Clearing bottlenecks to our enterprise. Earlier than, we might solely generate movies for one or two campaigns at a time. Now, we are able to comfortably deal with as many campaigns as we’d like at one time — which implies we not want to show down initiatives and have elevated our income.
Constructing and providing new merchandise. We are able to increase our portfolio with highly effective new merchandise. For instance, we are able to now construct real-time personalised movies that stream seconds after the viewer inputs their information and presses “play” letting us scale new, dynamic merchandise.
Enhancing system visibility. We’ve elevated our logs, alerts, and general visibility into render standing for our large campaigns (one thing that was tough with our legacy structure).
In sum: By partnering with Google Cloud, now we have laid the groundwork to realize our most formidable technical and enterprise objectives — and now we have already dramatically improved how we render and stream an enormous quantity of cinema-quality personalised movies, and the way we serve our greatest and most demanding shoppers.

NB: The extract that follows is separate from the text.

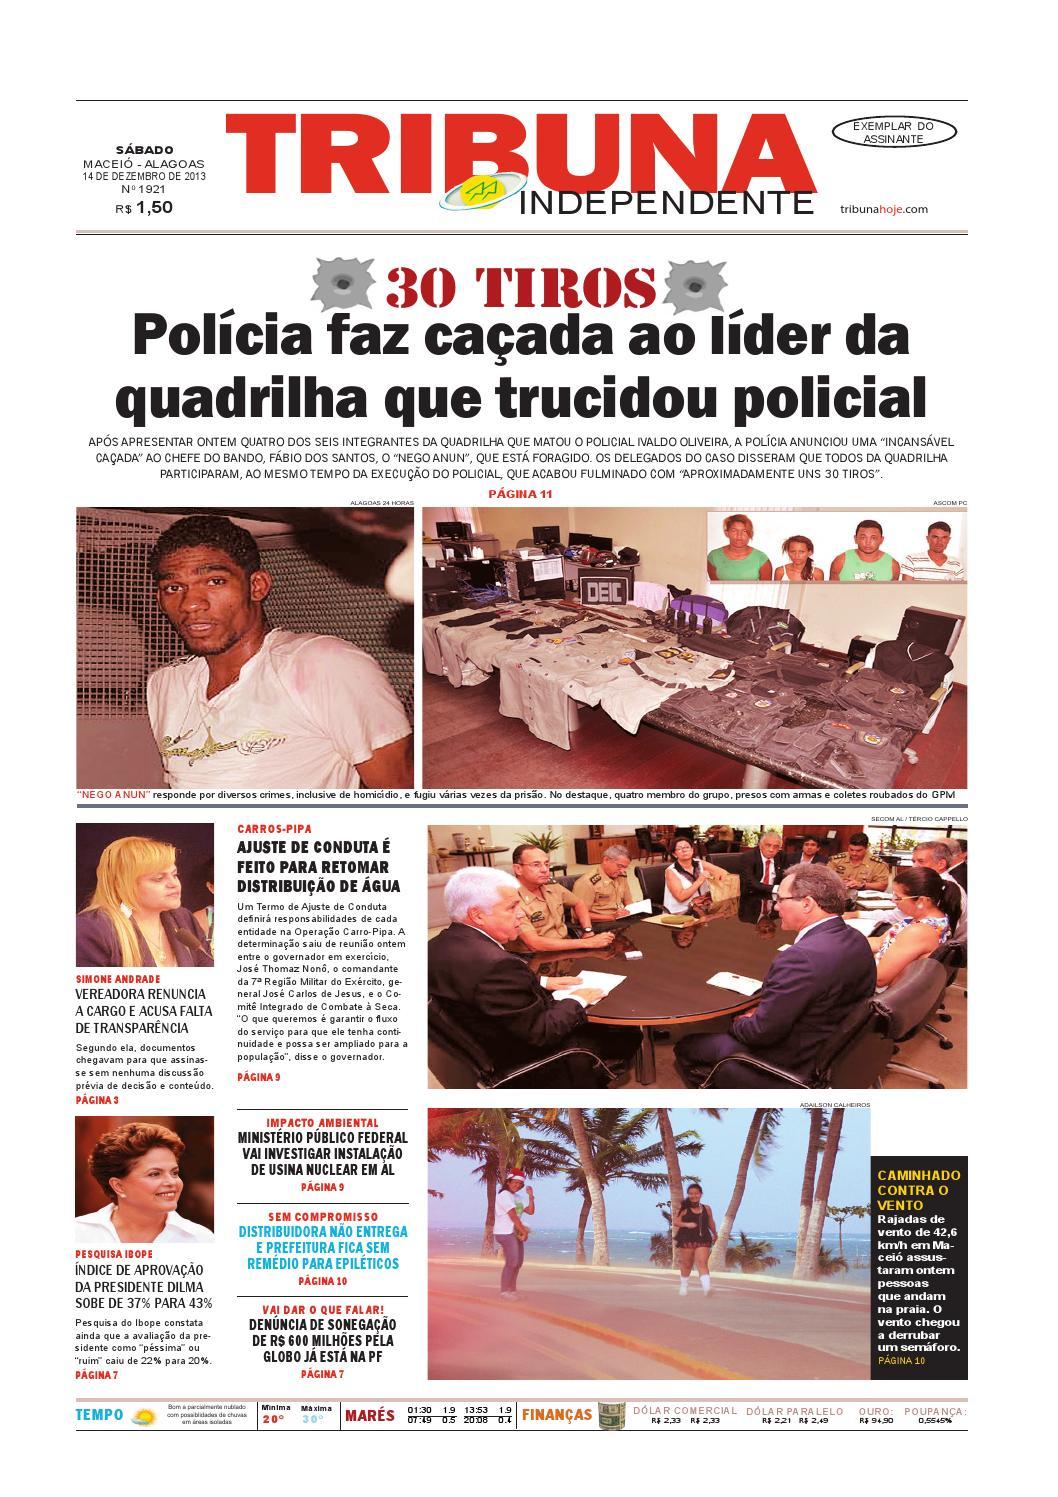 ac3b9e6269e Edição número 1921 - 14 de dezembro de 2013 by Tribuna Hoje - issuu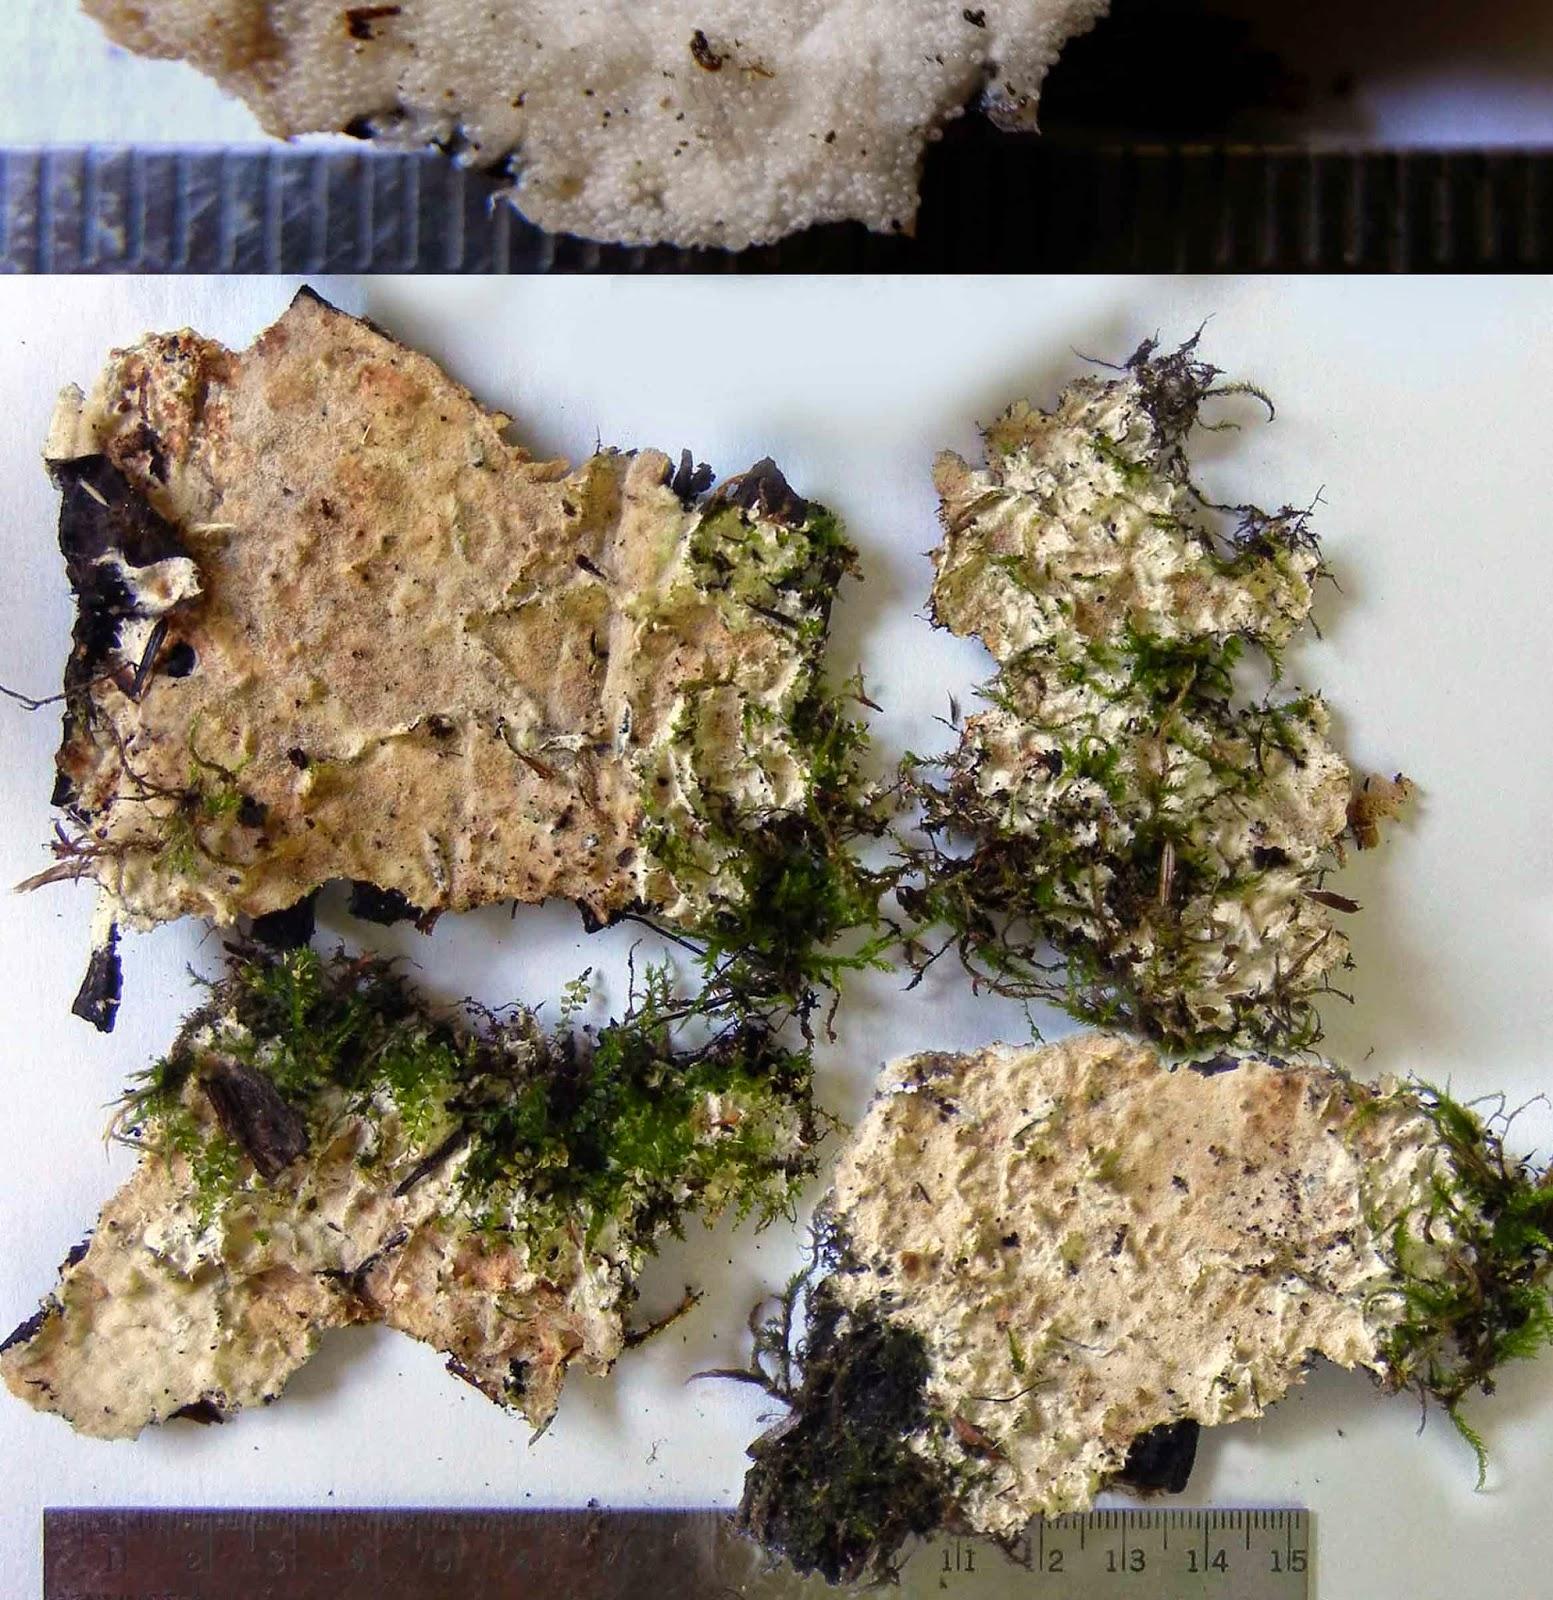 Tiny cups of Porotheleum fimbriatum can resemble pores

Deliver these outcomes to your group
At present, we’re constructing extra of our basic structure on Google’s Cloud companies, and enhancing its core efficiency so we are able to scale our personalised video manufacturing to insane ranges. Our large, formidable purpose not appears out of attain. The truth is, we now imagine we are going to quickly be capable to render our cinema-quality personalised movies in .2 seconds or much less.
To get there, we’re persevering with our shut partnership with the Google Cloud group. They’re serving to us develop new scaling methods, giving us essential finest practices to use to our structure, and guiding our improvement of recent merchandise like real-time rendering.
Collectively, we’ve reworked how our core merchandise perform — and you are able to do the identical by partnering with Google Cloud’s groups, by constructing on Google Cloud and by utilizing GKE. It’s labored for us — large time — and we all know it will probably give you the results you want too.
Particular thanks to Alina Bylkova, Lekë Dobruna, Gabor Lossos, Vigan Sokoli, John Rowley, and Michael Ivanov.